INFORMATION SHOWN =
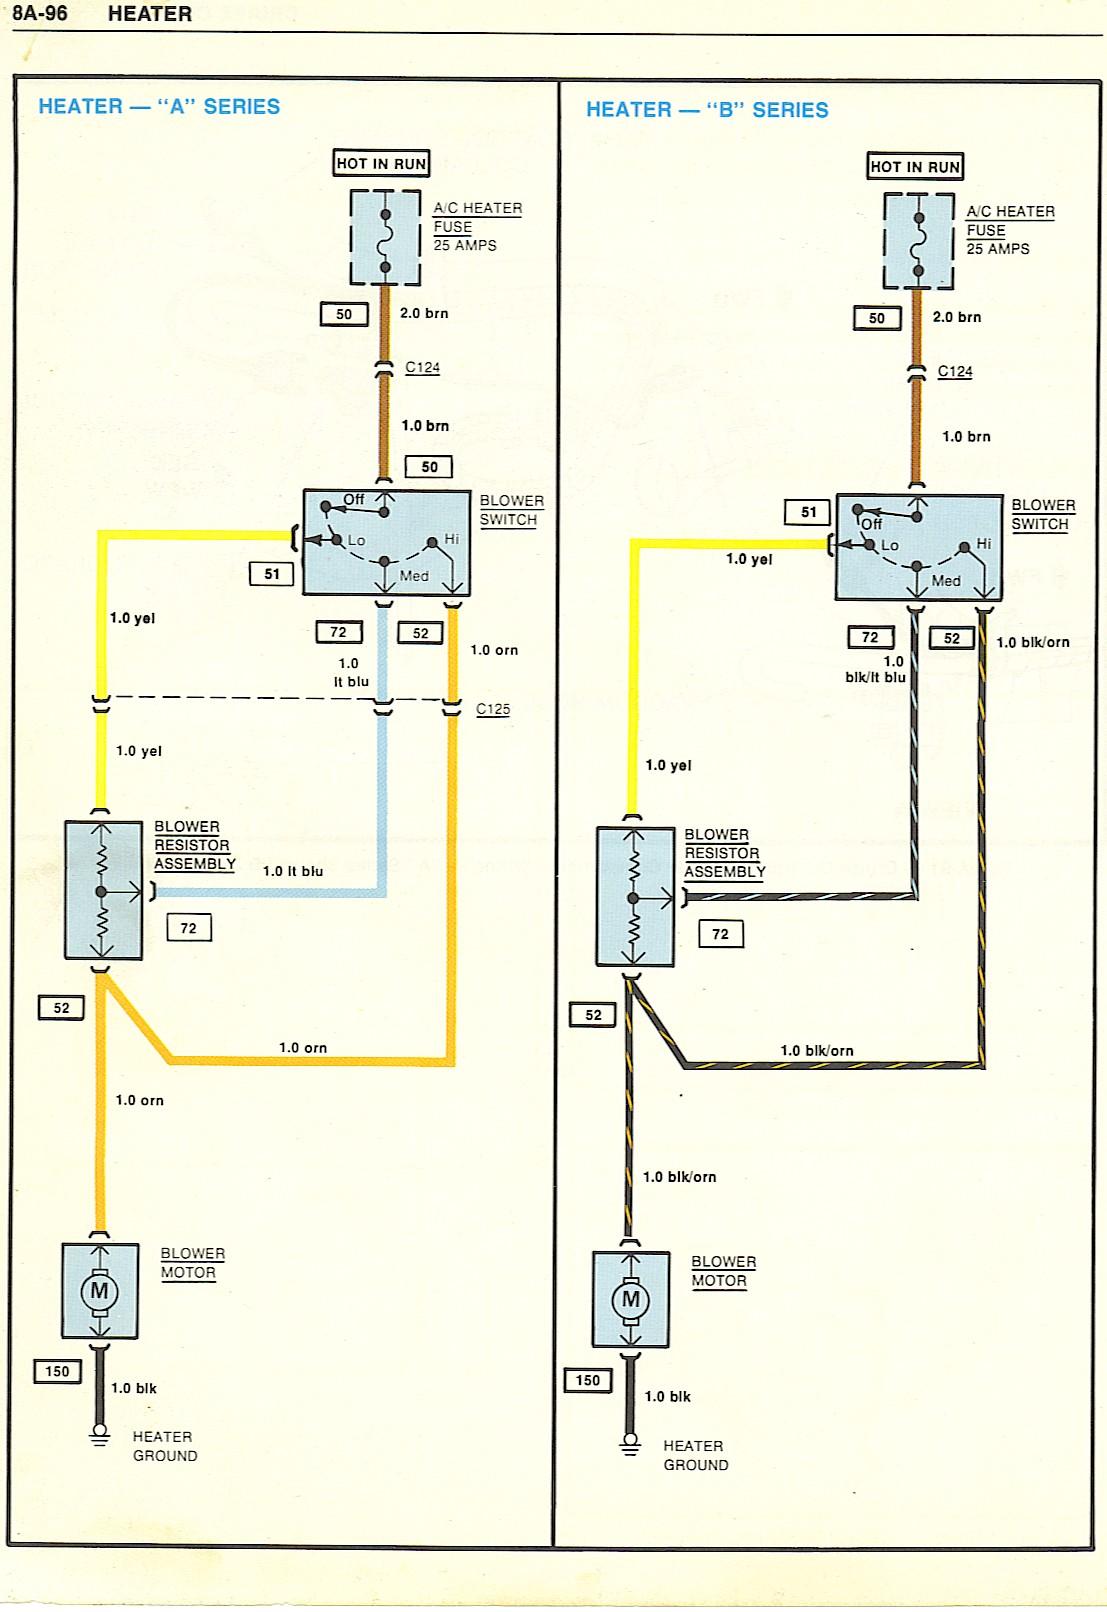 Pleasing 1975 Camaro Wiring Diagram Wiring Library Wiring Cloud Filiciilluminateatxorg
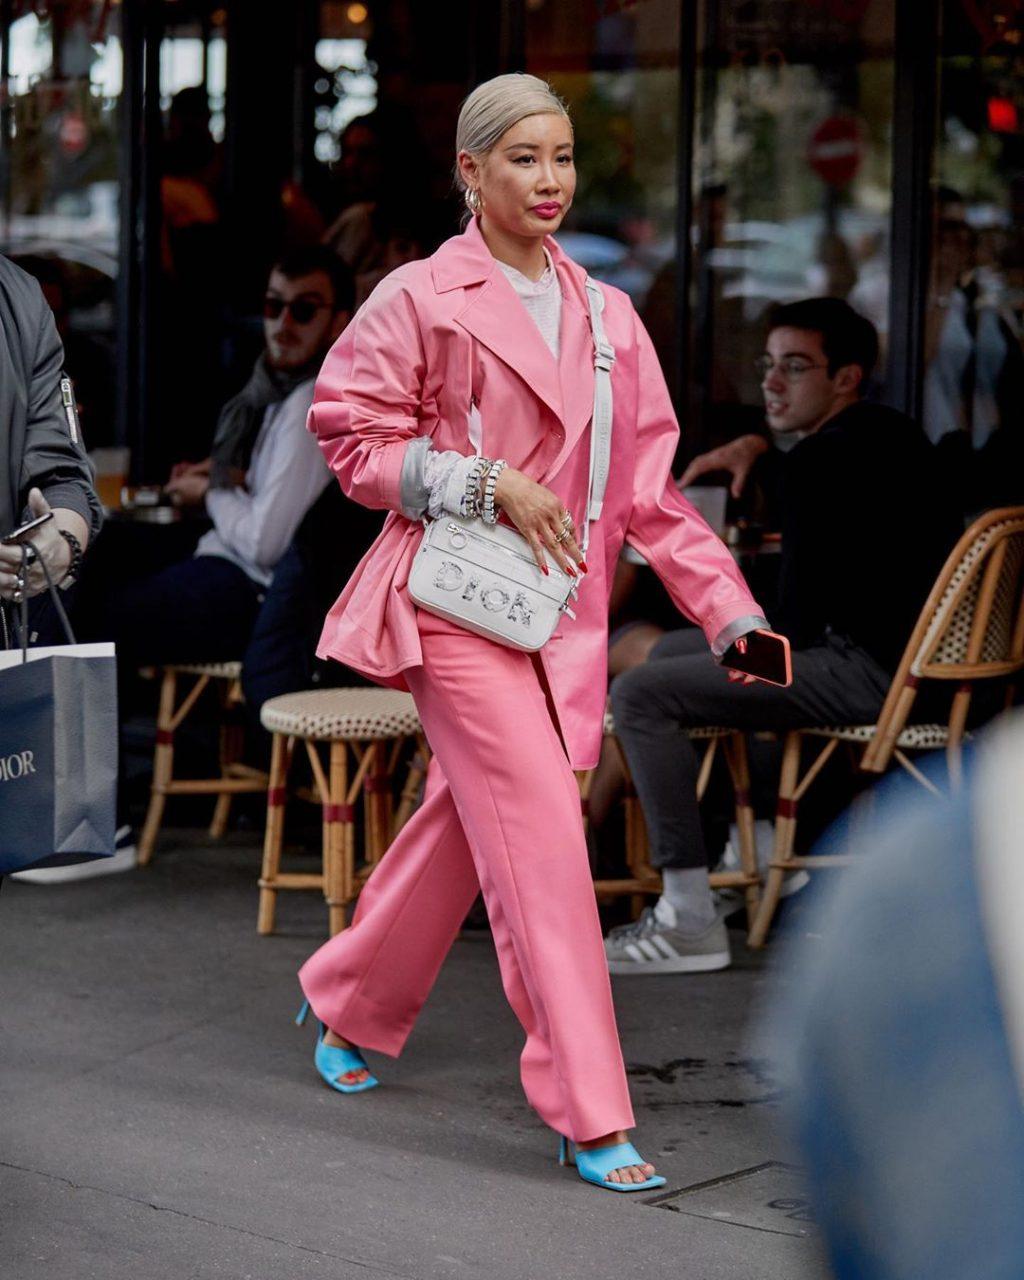 Fashionista mặc quần áo màu hồng đi giày mũi vuông màu xanh thiên thanh
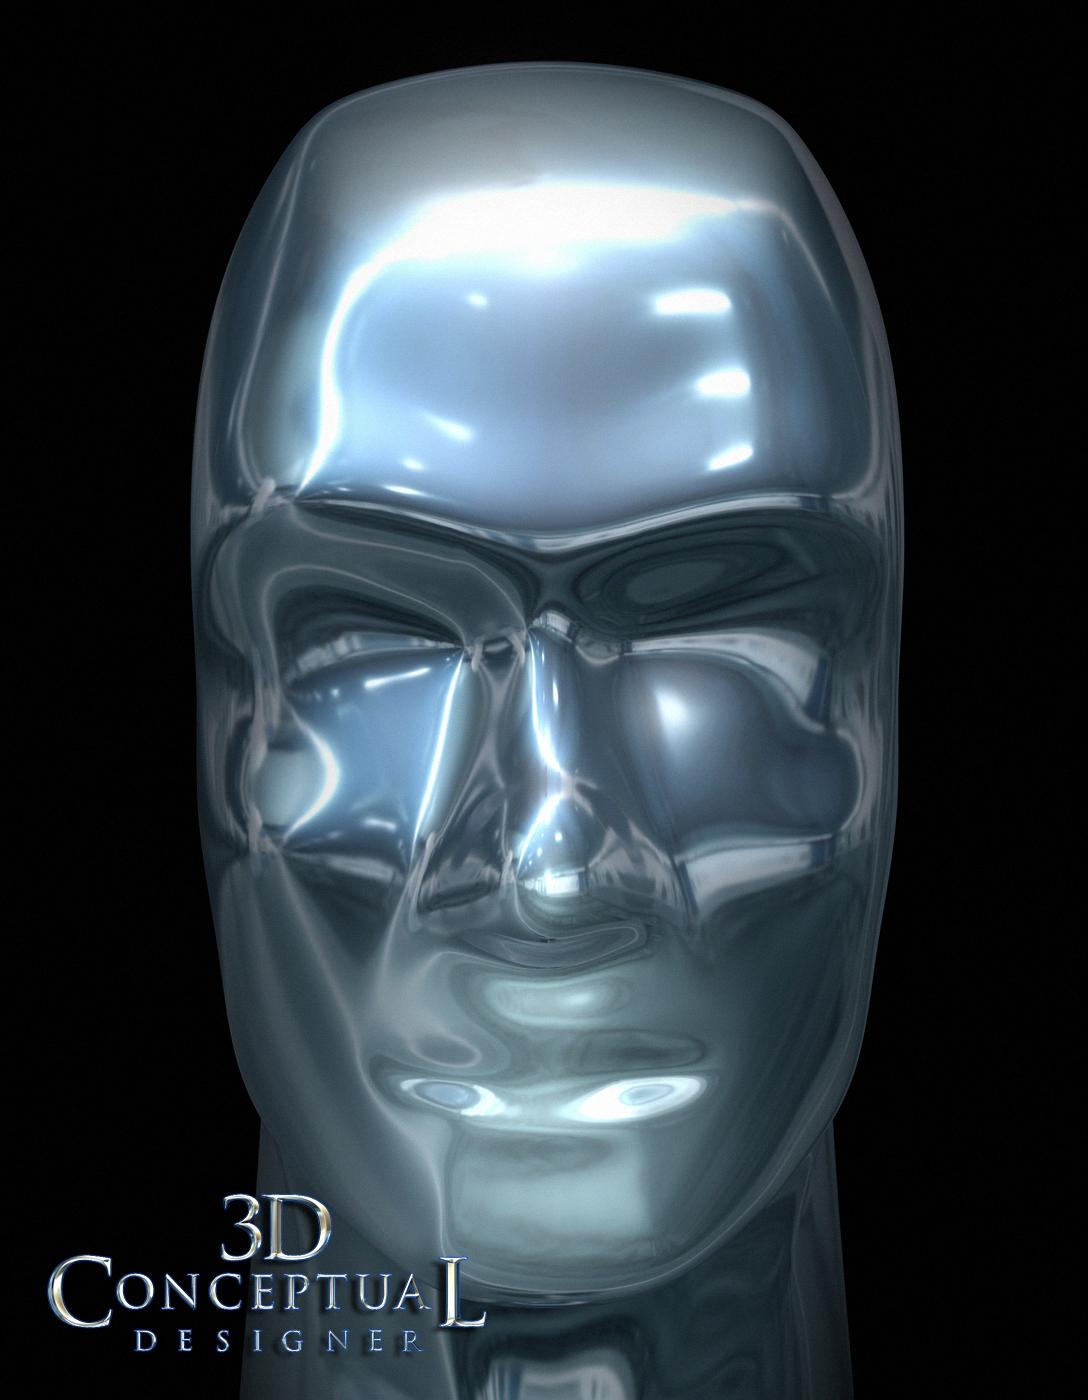 Terminator T1000 Explained
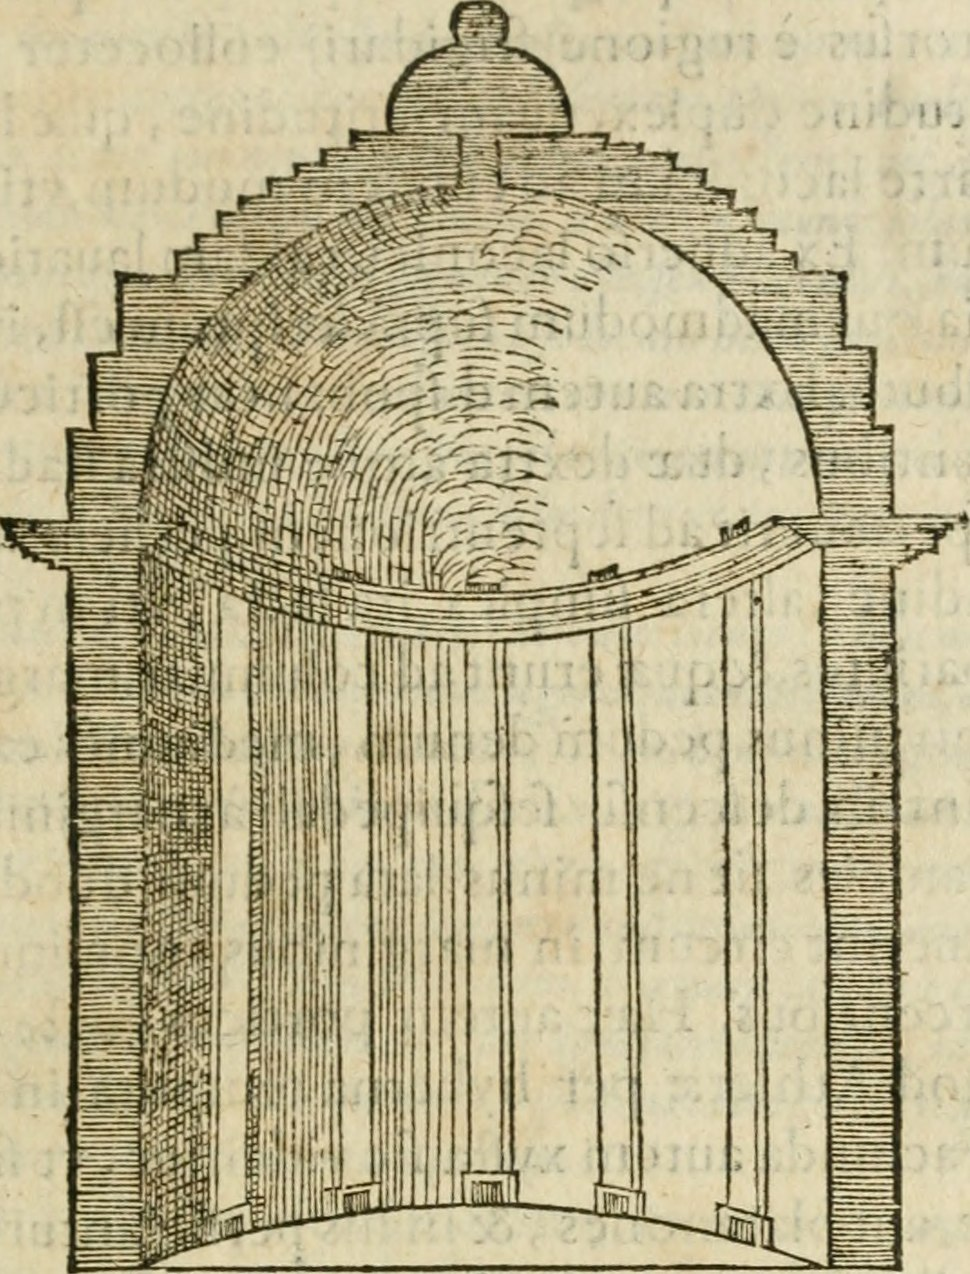 M. Vitrvvii Pollionis De architectvra libri decem, ad Caes. Avgvstvm, omnibus omnium editionibus longè emendatiores, collatis veteribus exemplis (1586) (14597195818)
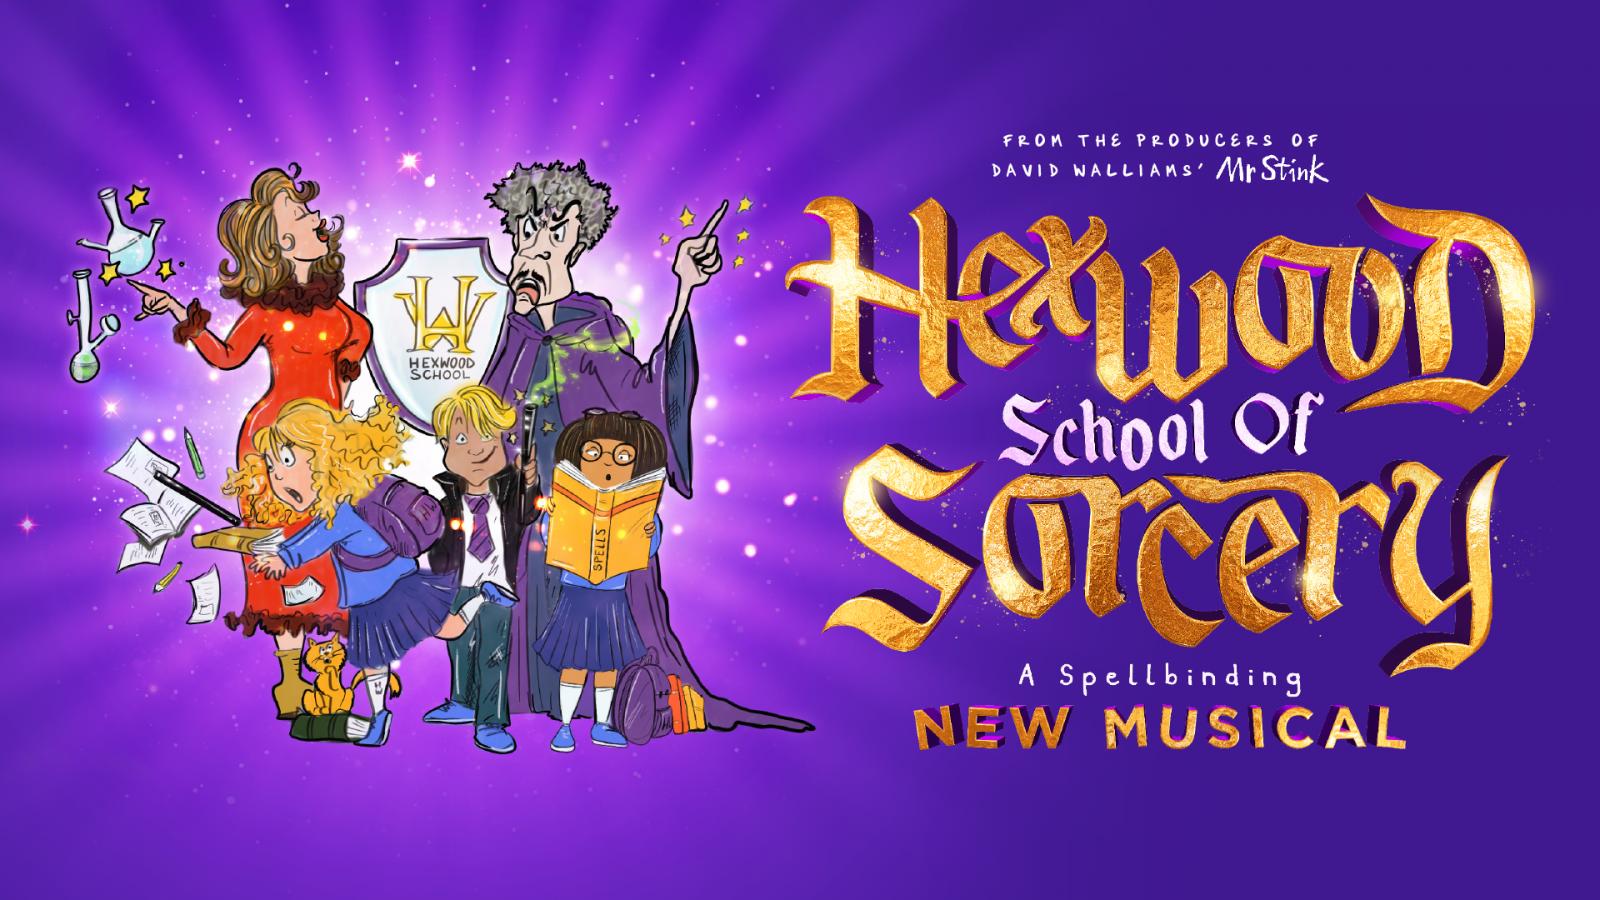 Hexwood School of Sorcery

TASK TO COMPLETE = Keep the pictures out, and write out the rest of the data above word for word.

THE COMPLETED TASK =
 Pleasing 1975 Camaro Wiring Diagram Wiring Library Wiring Cloud Filiciilluminateatxorg
 Fashionista mặc quần áo màu hồng đi giày mũi vuông màu xanh thiên thanh
 Terminator T1000 Explained
 M. Vitrvvii Pollionis De architectvra libri decem, ad Caes. Avgvstvm, omnibus omnium editionibus longè emendatiores, collatis veteribus exemplis (1586) (14597195818)
 Hexwood School of Sorcery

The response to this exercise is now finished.